EXERCISE:
Omit the images, then repeat the listing exactly.

DATA SEGMENT:
╭──

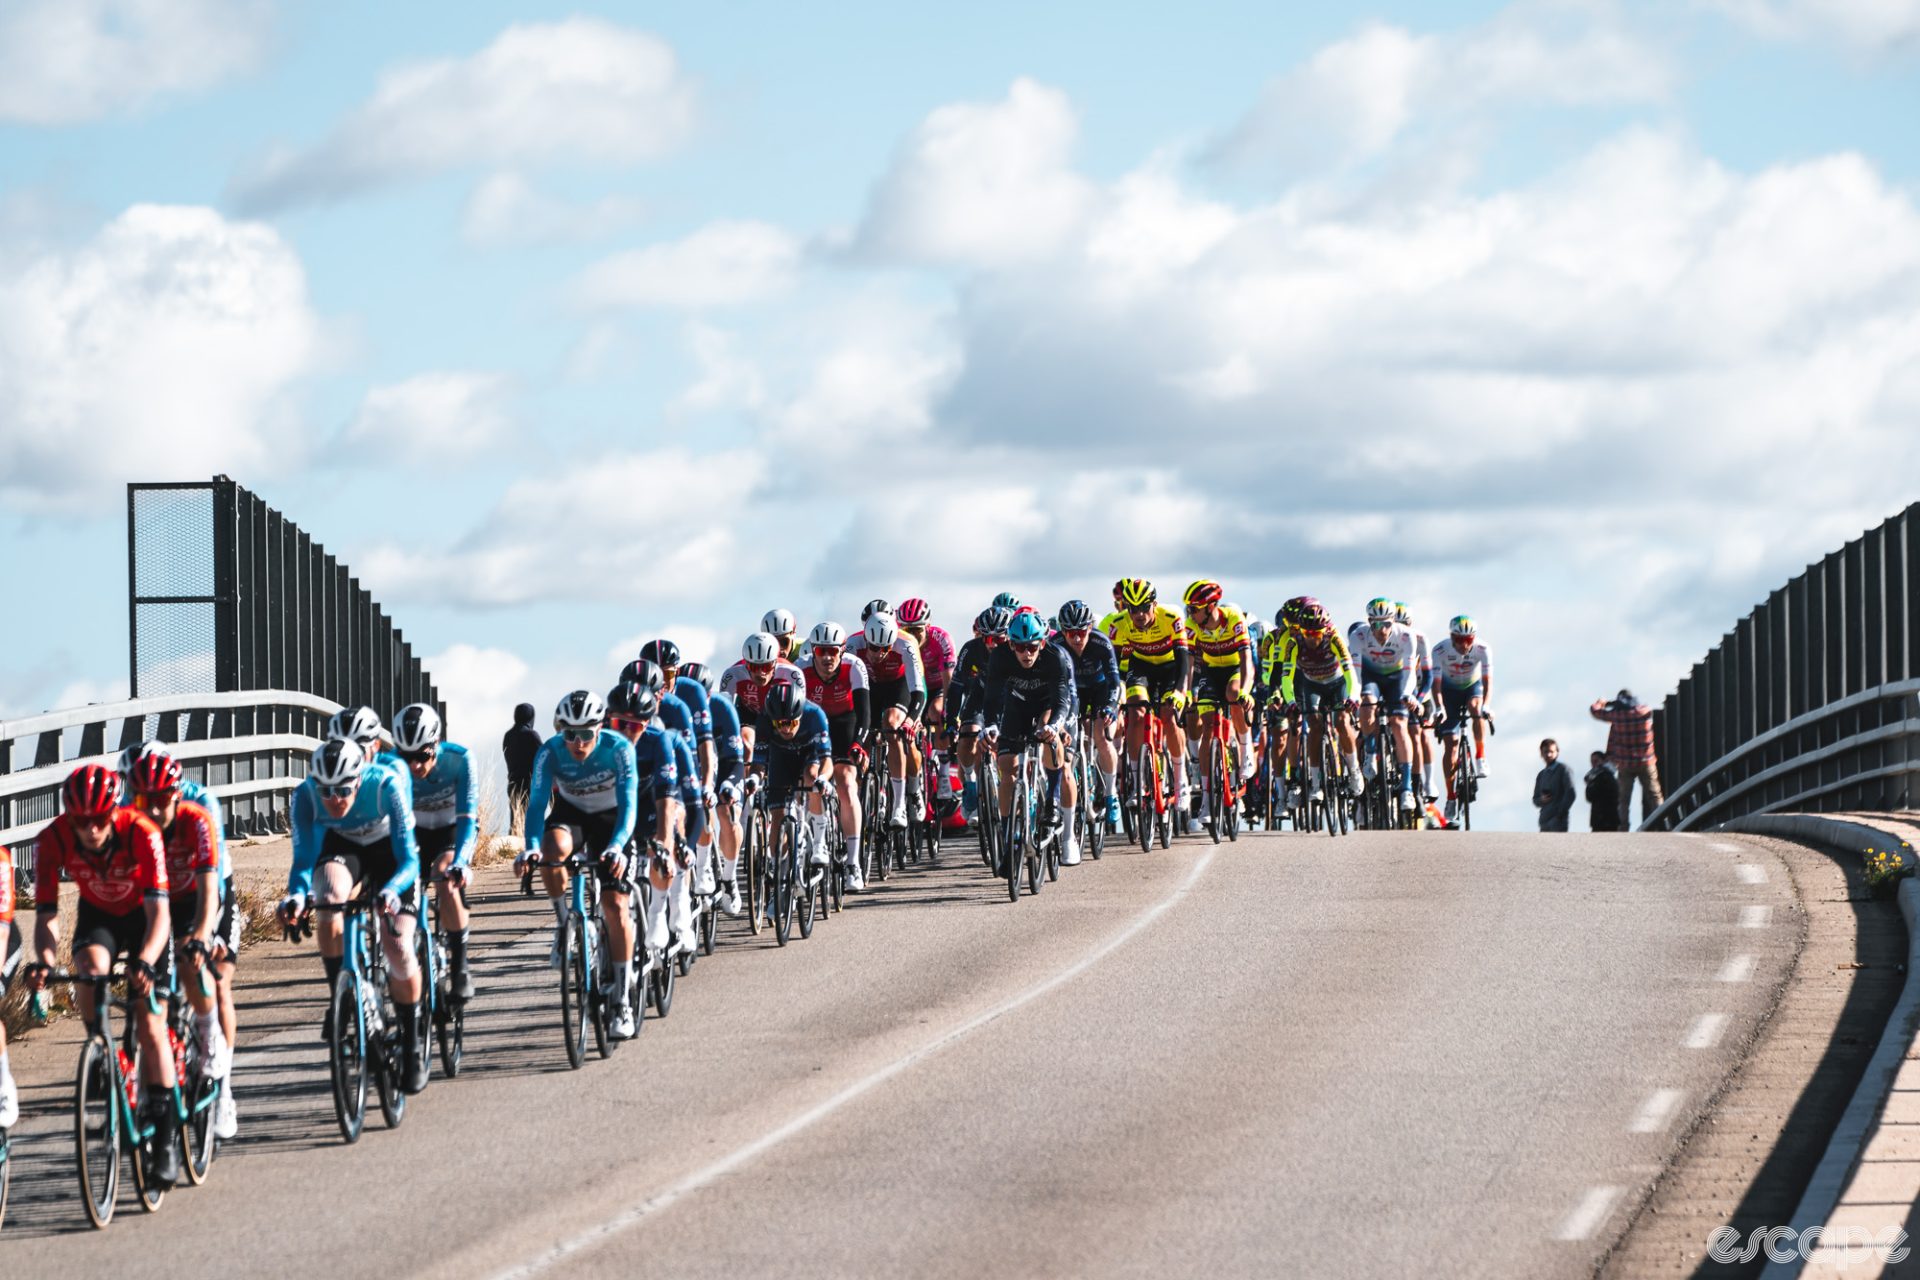 The pack crosses an overpass in the Tour de la Provence. The group is finally riding on dry roads under the sun but is strung out from the pace and crosswinds.
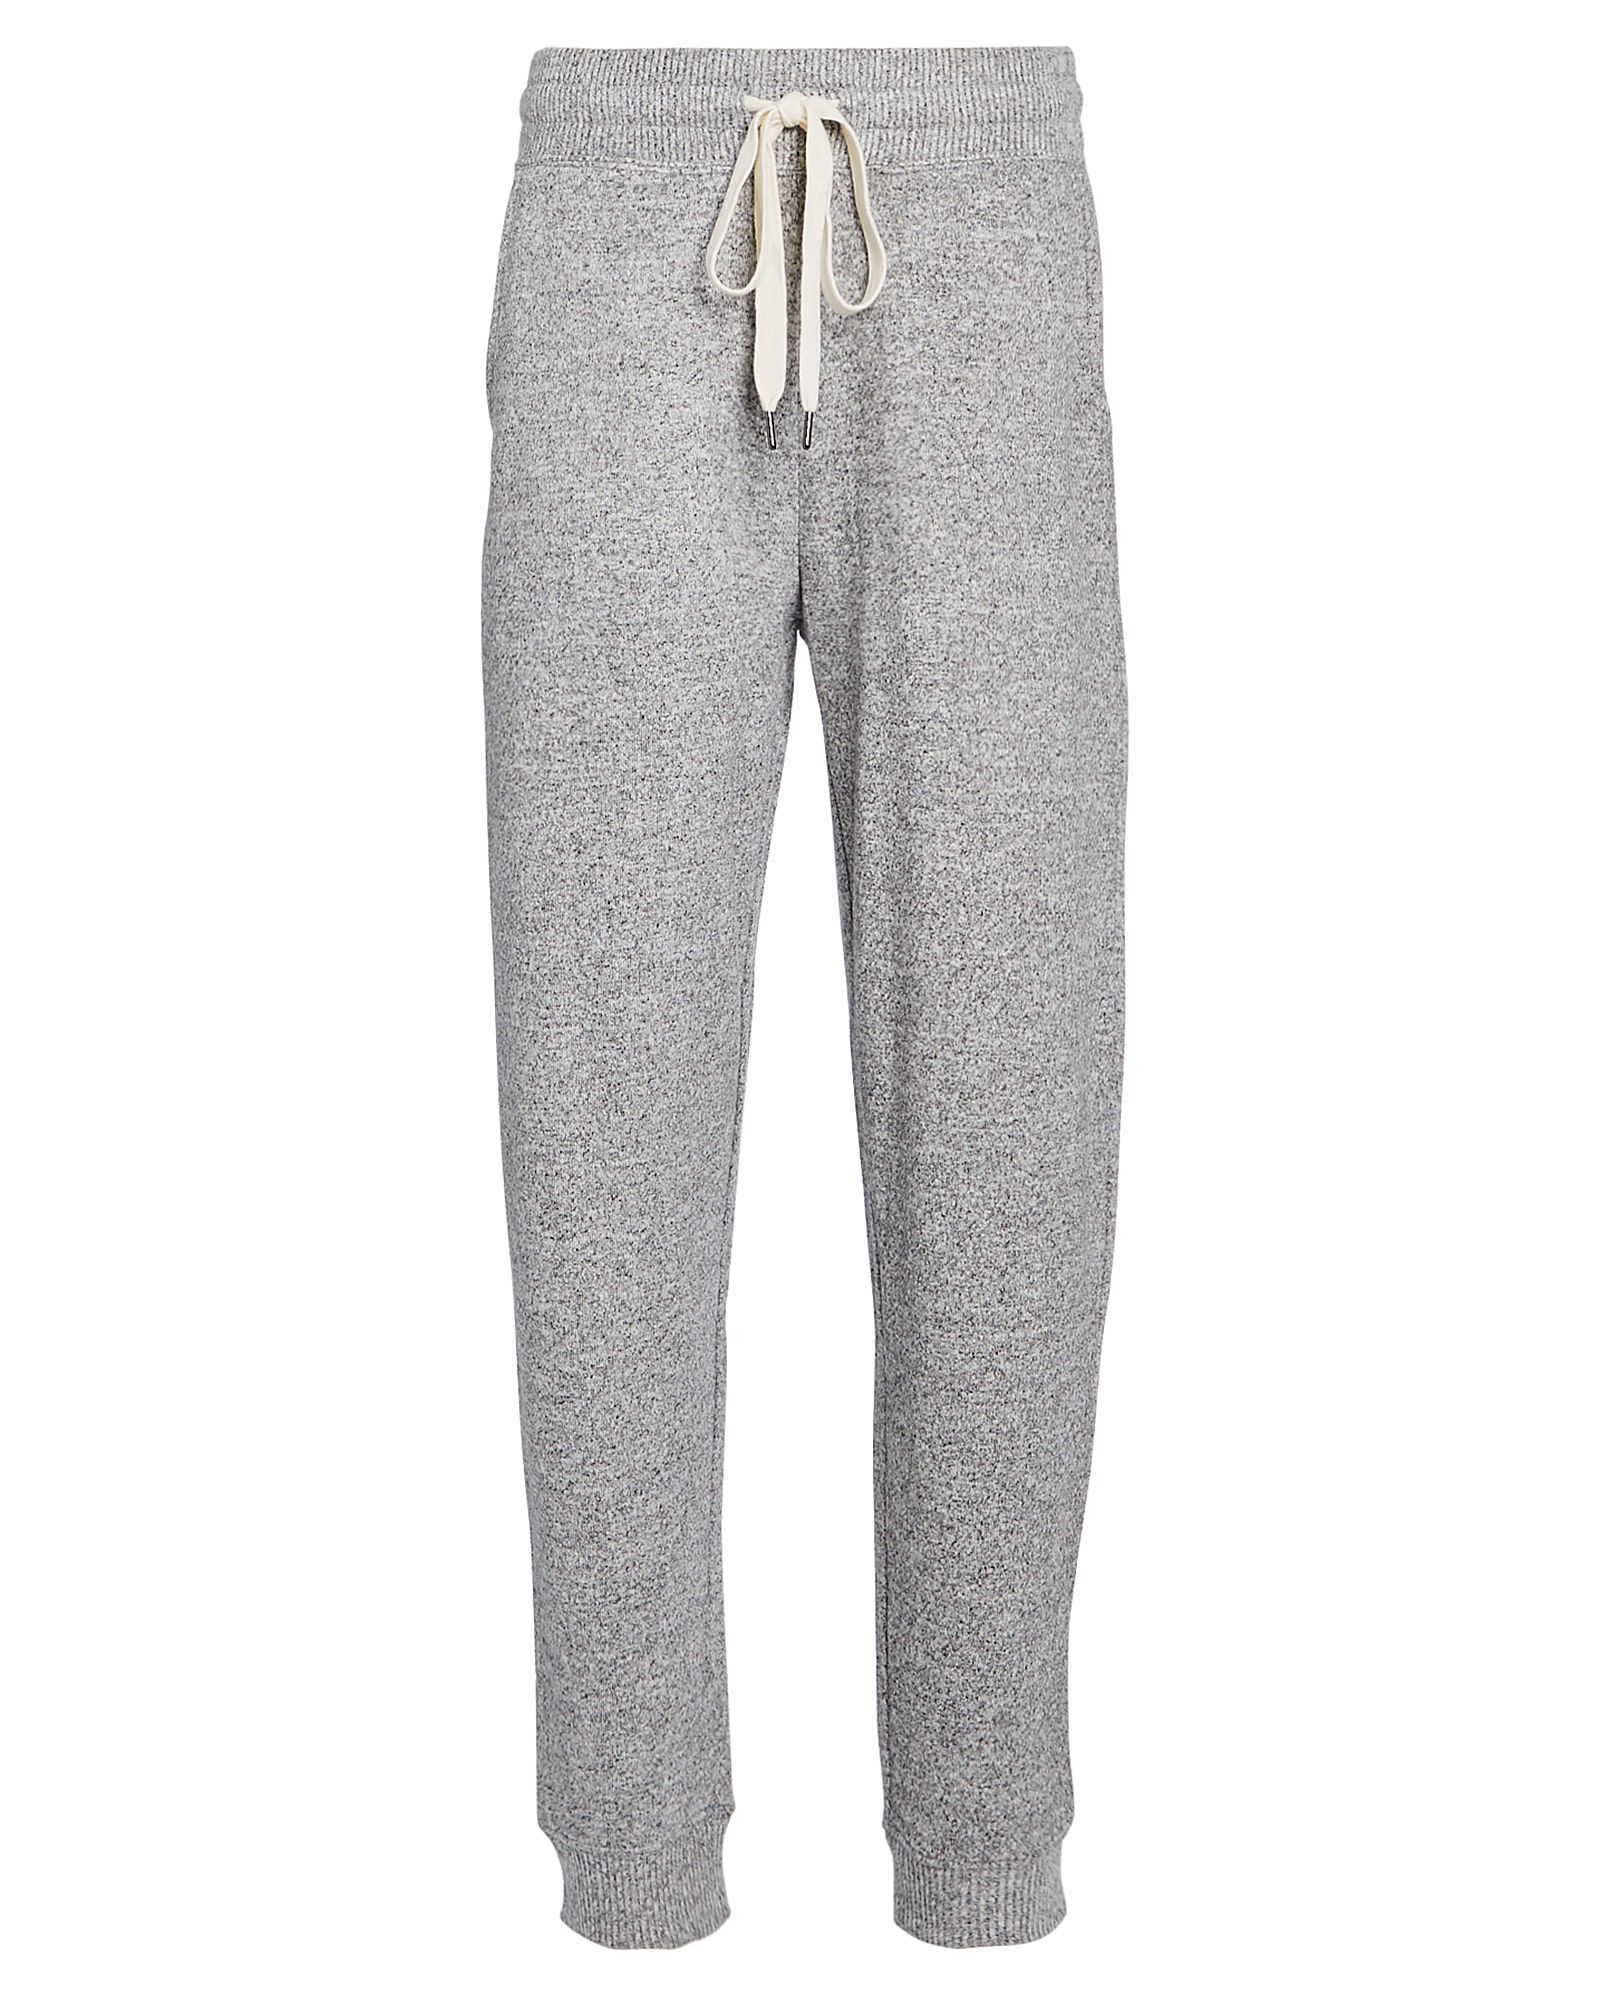 RAILS Oakland French Terry Sweatpants,060042203661
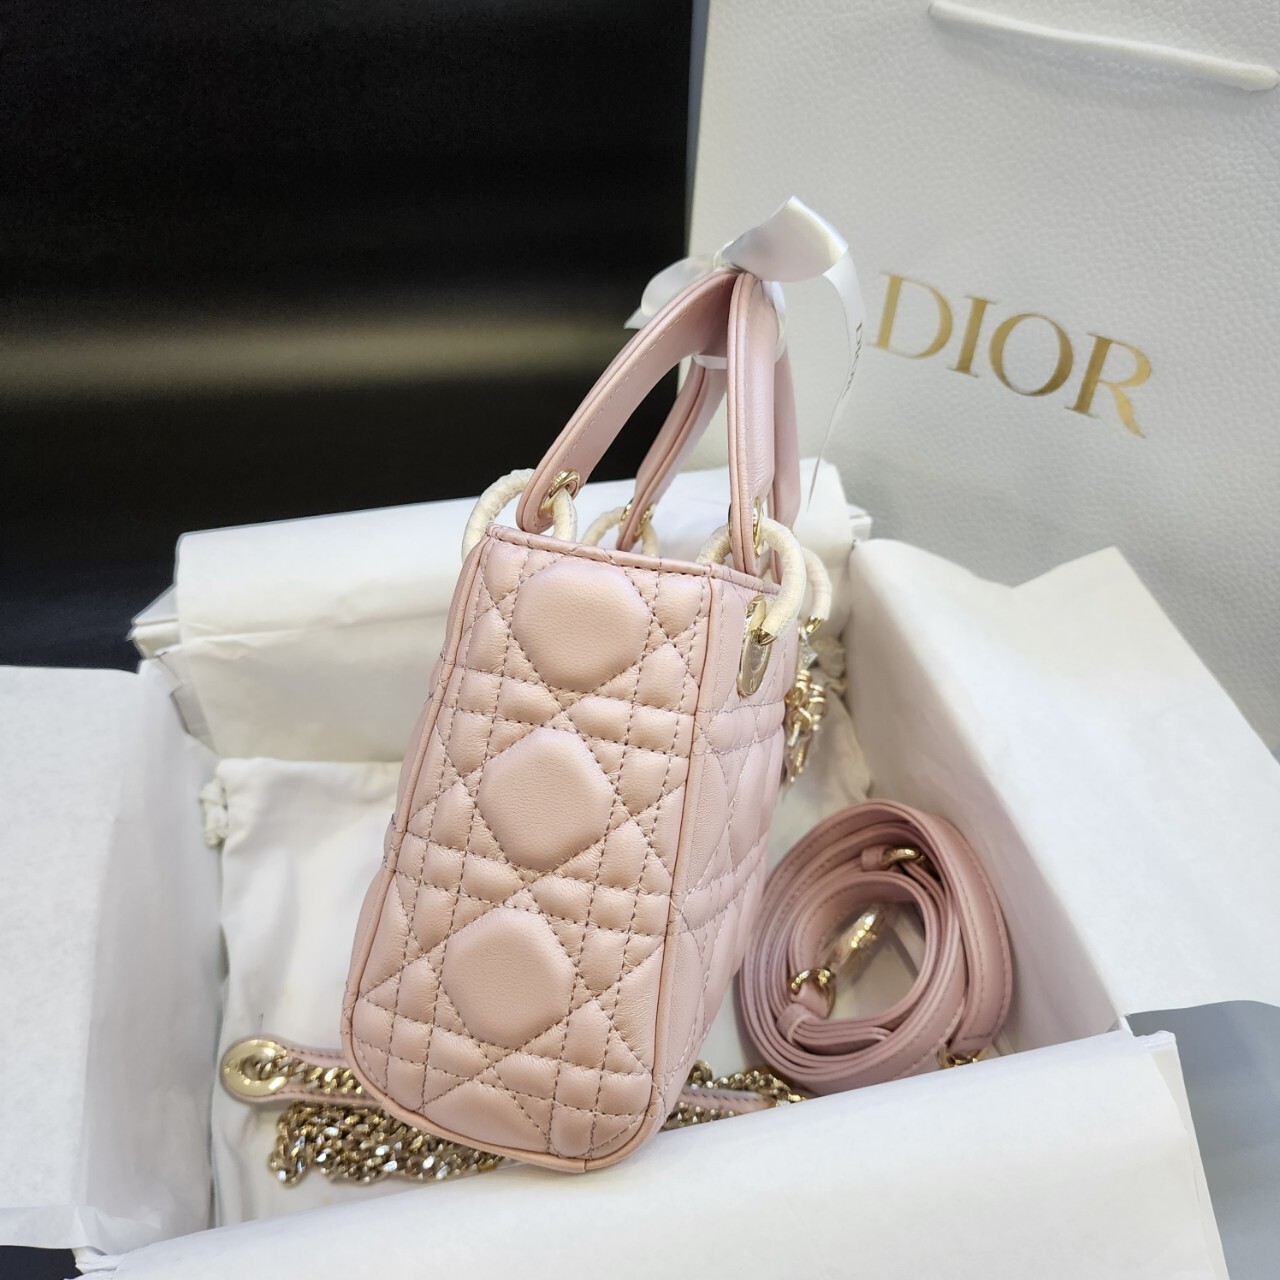 What you need to know before buying the Lady Dior  SACLÀB

╰──

ANSWER AREA:
 The pack crosses an overpass in the Tour de la Provence. The group is finally riding on dry roads under the sun but is strung out from the pace and crosswinds.
 RAILS Oakland French Terry Sweatpants,060042203661
 What you need to know before buying the Lady Dior  SACLÀB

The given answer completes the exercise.